We don’t have to confess.

So long as we keep working on it.

But we all have to do it. 

Is America racist?

Yes, we are. 

We are because we have gone along with policies that segregated African Americans. Because we have not objected loudly enough to their having poor educational and work opportunities. Because we have colluded, consciously or unconsciously, actively or passively, to keeping them down.

And what about our guilt? 

If we have personally injured an African American acting from a racist belief – call it harm in the concrete – then we must apologize. And it will be up to them to forgive us or not. 

If we have injured African Americans by not favoring measures that would assist their development – call it harm in the abstract – then we can work to reduce our guilt on our own, by questioning ourselves daily about our attitudes toward them and aiming to resolve them. 

Forgiveness will be up to us and our consciences. 

Advancement for African Americans has been happening gradually, over the years, thanks to the commitment of many of our more enlightened fellow citizens. 

But opportunities need to grow faster. 

As they do, we will see African Americans rise in every field of human endeavor, showing that they are just as capable as any other group on earth. Their numbers in the higher ranks of science and academia and industry and technology and business and all professions will swell.
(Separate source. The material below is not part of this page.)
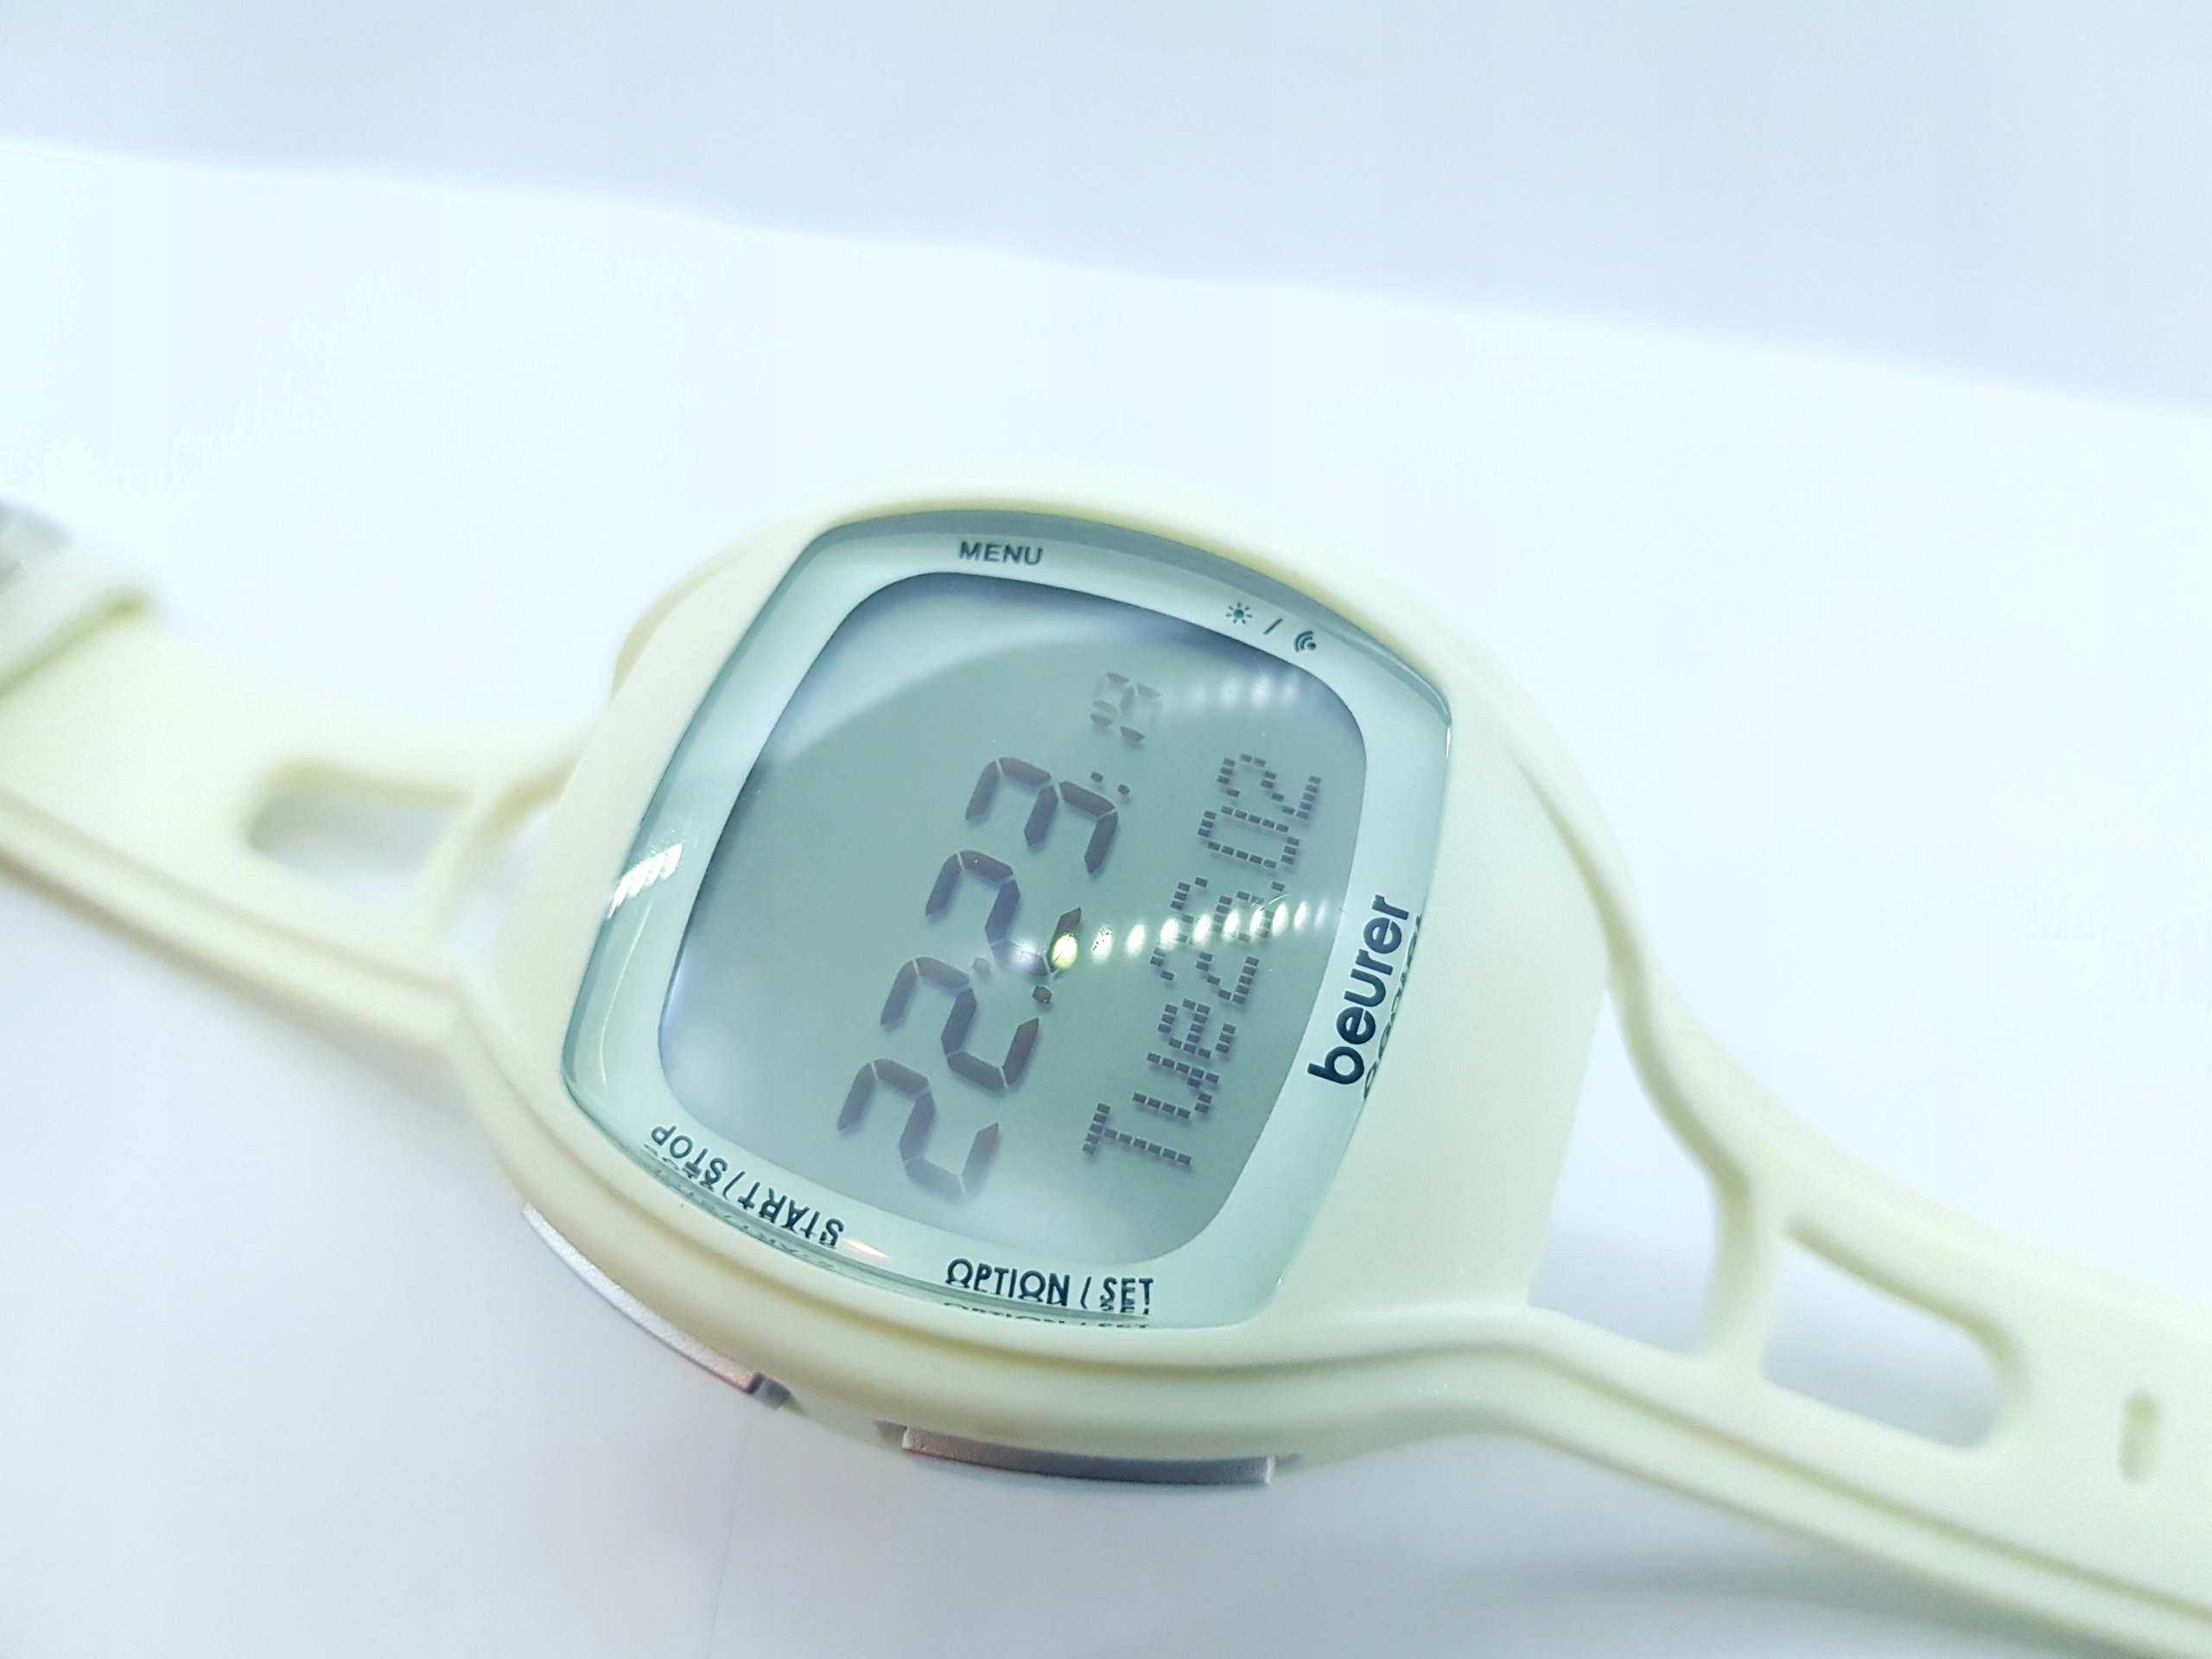 Zegarek sportowy BEURER PM 45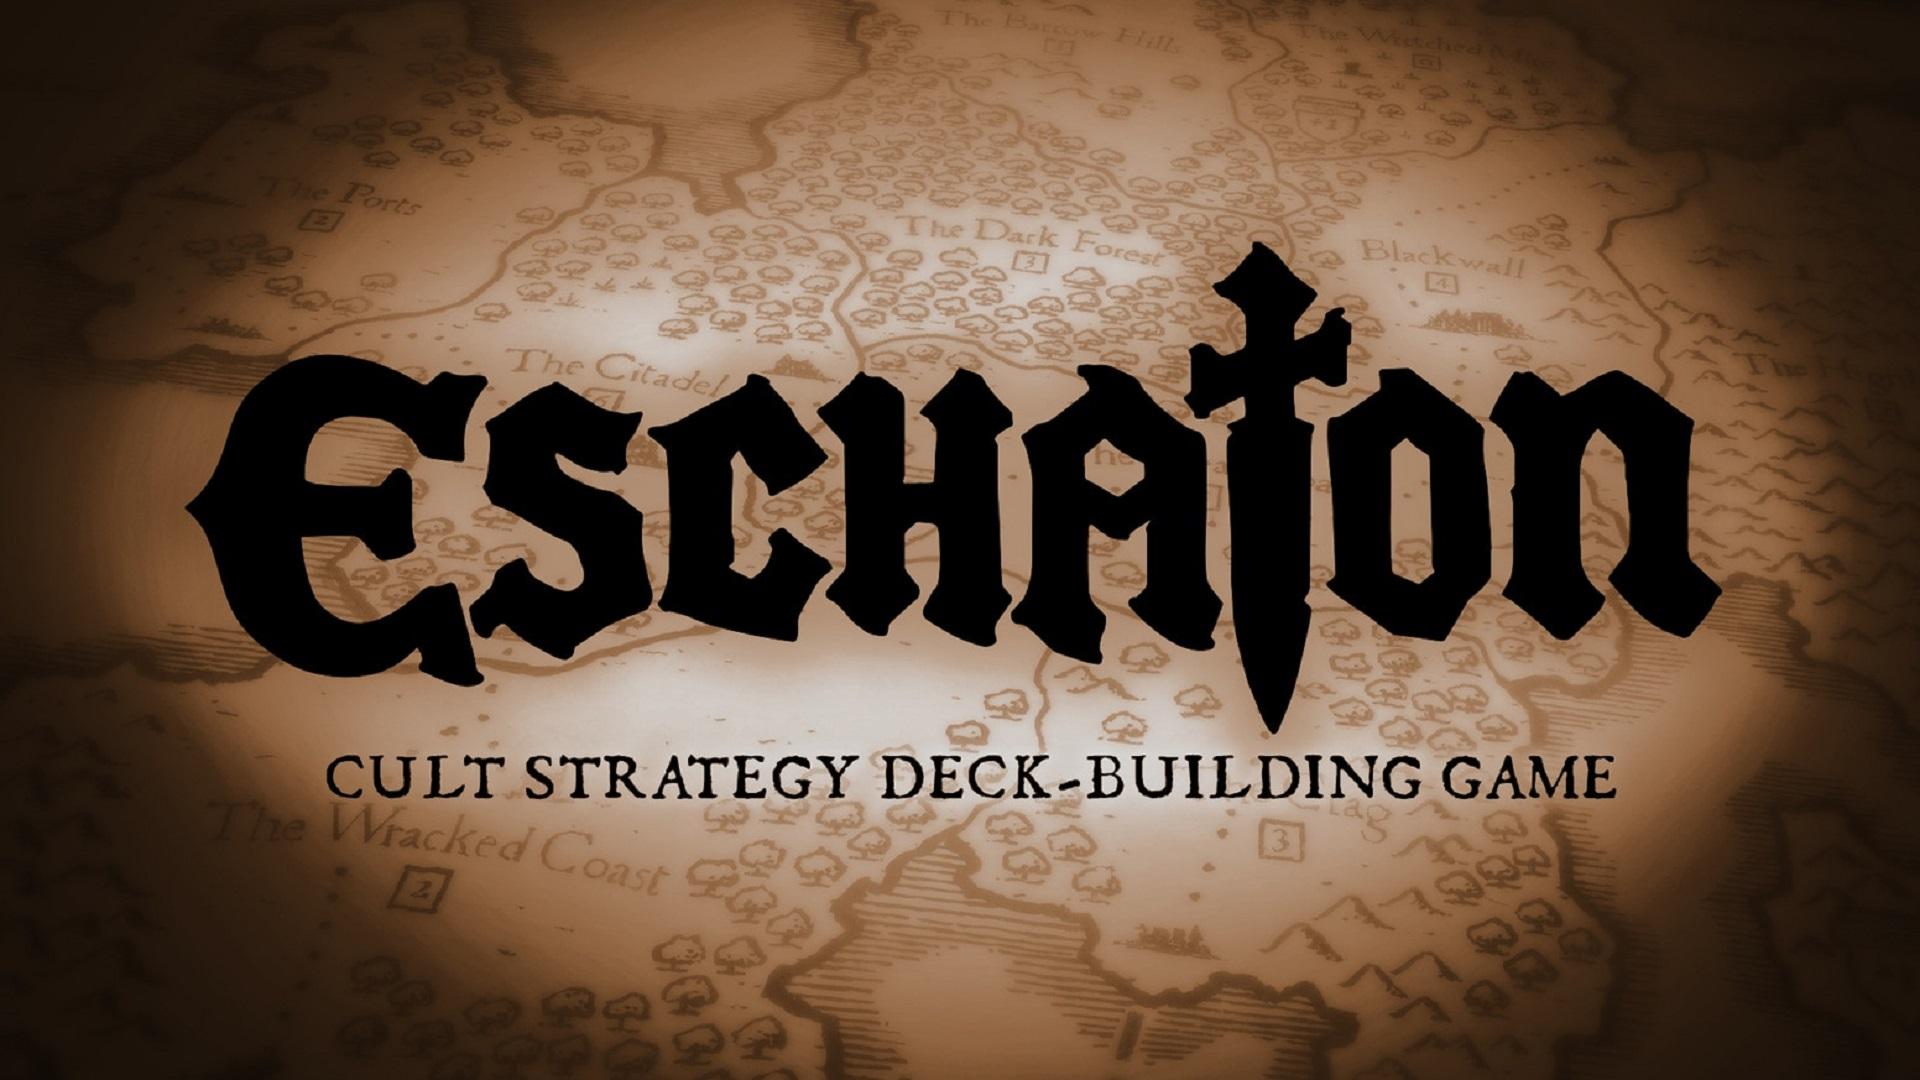 gen-con-2017-eschaton-is-back-and-better-than-ever-social.jpg

And their numbers in jails and prisons will decrease.

And we will feel proud of our civic and emotional growth.  

Gradually, we will cease to be racist as a nation.

And we will be at peace,

And we will be one,

For we will have conquered ourselves. 

But we have to keep working on it. Day in and day out.

Is America racist? 

Yes, it is.

Am I racist?

Answer the above questions and make your judgment. 

You may not be.

You may be one of our more evolved and mature citizens.

Each person has to square with their truth.

And so long as each one of us does, each one of us will be ceasing to be racist every single day.

As for me,

I will not confess,

But I will keep doing the work every day,

Day in and day out,

And feel damn good about the progress I’m making.